Porque te quita el miedo a ser el diferente, el raro, el apestado. Porque ves que hay otras personas a las que su orientación sexual o su identidad de género no les ha impedido llegar a ser buenas, incluso las mejores en lo suyo. Porque te normaliza ante los demás y ante ti mismo. Porque te enseña que tu identidad sexual o tu identidad de género puede definirte, pero en ningún caso limitarte. Y porque, si Ronaldo va a la entrega del balón de oro con su mujer o su novia ¿por qué coño no va a poder ir Fulanito con su novio? ¿Ves? No se me ocurre ningún futbolista gay de renombre...
Sí, estoy de acuerdo. Cada uno que haga con su armario (su sexualidad, su afectividad, su privacidad) lo que le dé la real gana, siempre y cuando respete al que tenga por delante. El outing, es decir, hacer pública la orientación sexual o identidad de género de una persona sin su consentimiento, me parece una falta de respeto. ¿Quién soy yo para hacerlo, sin conocer las razones personales, profesionales, sociales, sentimentales, religiosas, etc. que esa persona tiene para no darle el hachazo a la cadena y a la cerradura de su armario?
Puede que me entristezca su decisión o que no comparta sus razones, pero insisto: ¿quién soy yo, si es su vida, no la mía? Para mí esto es tan básico como que, si pido respeto, debo empezar por respetar a los demás. Por cierto, un principio muy cristiano, este de amar al prójimo como a ti mismo.

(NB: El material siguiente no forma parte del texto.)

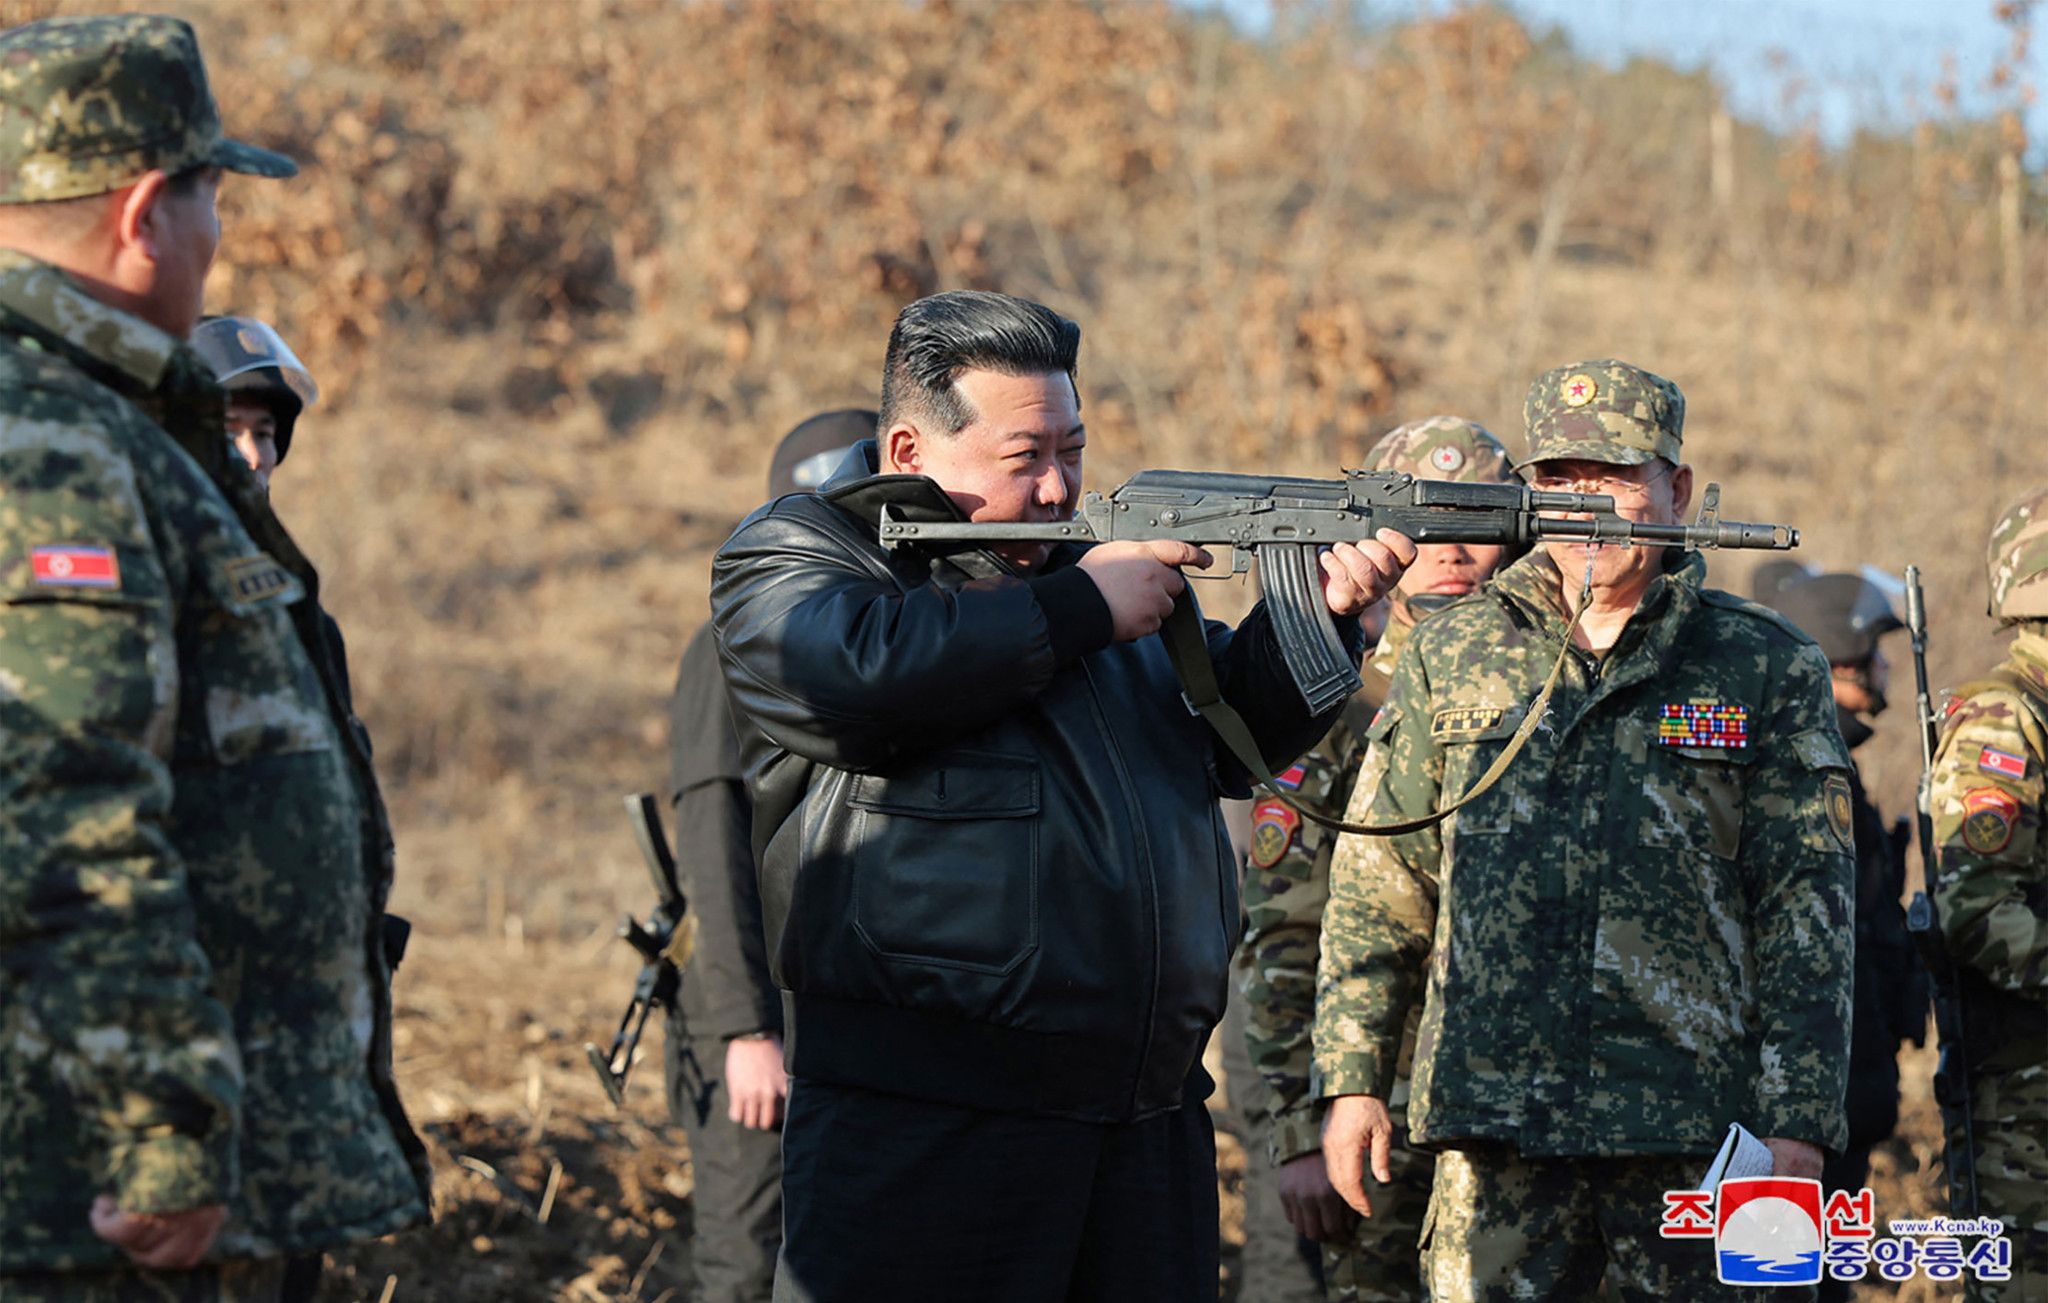 Kim brandit une arme lors de l'inspection d'une base d'entraînement

Sí, como se suele decir, la cosa va por barrios. No es lo mismo, por ejemplo, si eres un chico gay que vive en Chueca en Madrid, el Eixample en Barcelona o la Alameda de Hércules en Sevilla, que si eres una lesbiana o una chica trans en algún entorno rural de la llamada España Vacía. Ale, el joven gay que aparece muerto en la sauna en mi novela, es un ejemplo de esto que digo. Su familia es muy de campo, muy chapada a la antigua, pero él, desde que se fue a vivir a Sevilla, ya es otra persona. Sus ambientes son muy distintos.
Está claro que Internet y las redes sociales han globalizado y han acercado el mundo al resto del mundo, pero también que aún hay lugares en los que sigue siendo difícil ser y mostrarte tal y como eres porque, simplemente, no se dan las circunstancias ni los contextos adecuados. En Chueca hay mil bares de ambiente. En muchas capitales de provincia, ni uno solo.
Recientemente hemos escuchado al Vicepresidente de Castilla y León decir que los territorios como el suyo se están despoblando por la hipersexualización de la sociedad, porque se ha dejado de considerar que la función principal del sexo es la procreación. Y se ha quedado tan pancho.
Uno puede pensar dos cosas, que la ignorancia es muy temeraria o que, de ignorante, nada de nada, que lo ha dicho con toda la intención y toda la carga ideológica del mundo. Pero, en cualquier caso, imagínate que eres una chica adolescente de un pueblo pequeño de Zamora, perteneciente a una familia conservadora (por no decir religiosa) que escucha estas declaraciones. ¿Crees que va a salir fácilmente cogida de la mano de su novia a la plaza del pueblo?
Sin ánimo de parecer borde: no le des tantas vueltas, hombre, que esta partida son dos días, tú ya has gastado uno, y nadie tiene la certeza de la bola extra.
Te voy a dar la respuesta que te daría Miss Rubia: mi deseo es la paz en el mundo. Y no me refiero solo a Ucrania, que también, sino en general: no puede haber paz sin respeto al otro. Y, para que haya respeto al otro, tenemos que conocer. Y eso solo lo conseguiremos con educación. En este tema (no en muchos otros), sí está todo inventado.